²State Key Laboratory of Marine Pollution, City University of Hong Kong, Kowloon, Hong Kong SAR, China
³Department of Biomedical Sciences, City University of Hong Kong, Kowloon, Hong Kong SAR, China
⁴State Key Laboratory of Marine Environmental Science, Xiamen University, Xiamen, China
⁵Department of Marine Sciences, University of Connecticut, Groton, CT, United States
⁶Southern Marine Science and Engineering Guangdong Laboratory (Zhuhai), Zhuhai, China
⁷Research Centre for the Oceans and Human Health, City University of Hong Kong Shenzhen Research Institute, Shenzhen, Hong Kong SAR, China
⁸Office of the President, The Open University of Hong Kong, Shenzhen, Hong Kong SAR, China

Dinoflagellates, including harmful algal bloom species, are known to co-exist with and rely upon bacteria but how the microbiome changes with the physiologies of the cognate dinoflagellates is poorly understood. Here, we used 16S rRNA gene meta-barcoding to characterize the bacterial community in the cultures of Gambierdiscus balechii, a ciguatoxin-producing benthic dinoflagellate, under different nitrogen (N)-nutrient conditions and at different ciguatoxin-producing growth. The high-throughput sequencing of a total of 12 libraries generated 926,438 reads which were classified into 16 phyla. We observed a shift of the G. balechii-associated microbiome from N-replete to low-N conditions and from the early (low toxin) to the late exponential (high toxin) growth stage.
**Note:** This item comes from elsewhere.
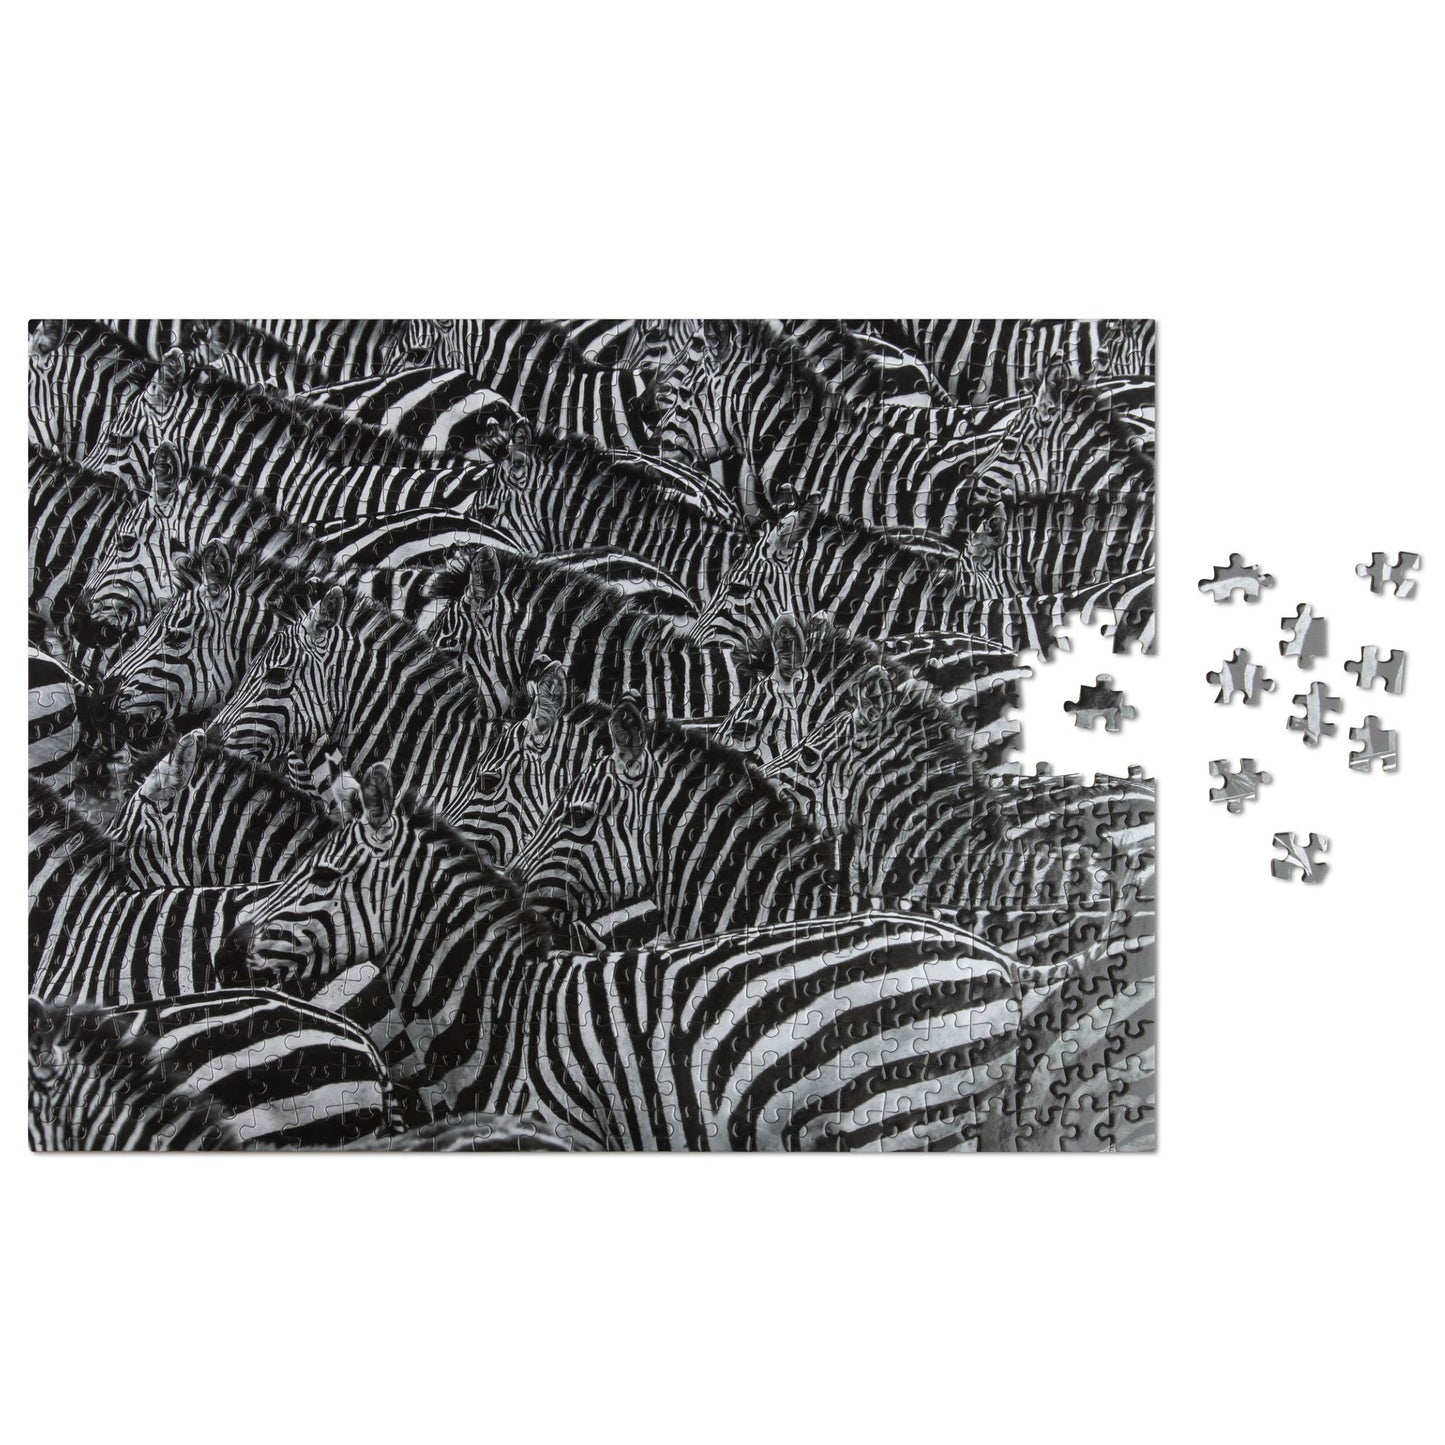 Printworks Puzzle Wildlife Pattern, Zebra

Common across these conditions were species from families Rhodobacteraceae and Flavobacteriaceae. Species abundant in the low-N condition mainly included Planctomyces, Ekhidna, and Lactobacillus. Dominant or highly abundant microbial taxa in the high toxin-producing stage (N-replete, late exponential stage) were Oceanococcus and Marinoscillum. Under this condition, one Rhizobiales bacterium, Oricola, also increased in relative abundance. Our study documents the high diversity and dynamics of the G. balechii-associated microbiome, and identifies condition-specific sub-communities: the core (constitutive) microbiome that stably co-exists with G. balechii, the bacterial lineages that are responsive to N-nutrient variations, and species whose abundances are correlated with toxin content of the dinoflagellate. These findings demonstrate that particular bacterial groups are responsive to N-nutrient or toxicity changes of G. balechii and thus will be useful for further investigations on the associated microbiome’s interactions with benthic dinoflagellates and functions in the course of benthic harmful algae blooms.

Introduction

Harmful algal blooms caused by dinoflagellates and many lineages of algae, toxic or non-toxic, create negative impacts to the coastal economy, marine ecosystems and public health (Watson et al., 2015), and have increased in frequency and severity due to global climate and environmental changes (Vidyarathna and Granéli, 2013). Benthic dinoflagellates in the genus Gambierdiscus are able to produce ciguatoxins (CTXs) and hence responsible for ciguatera fish poisoning (CFP) in humans who consume CTX-contaminated fishes (Ansdell, 2014). CFP is one of the most severe tropical diseases worldwide, causing a series of syndromes in humans including short-term gastrointestinal disorders, cardiovascular disorders, long-lasting neurological disorders (Authority, 2010), and even paralysis, coma and death (Friedman et al., 2017). As many as 50,000 people worldwide are adversely affected by CFP each year (Ansdell, 2014).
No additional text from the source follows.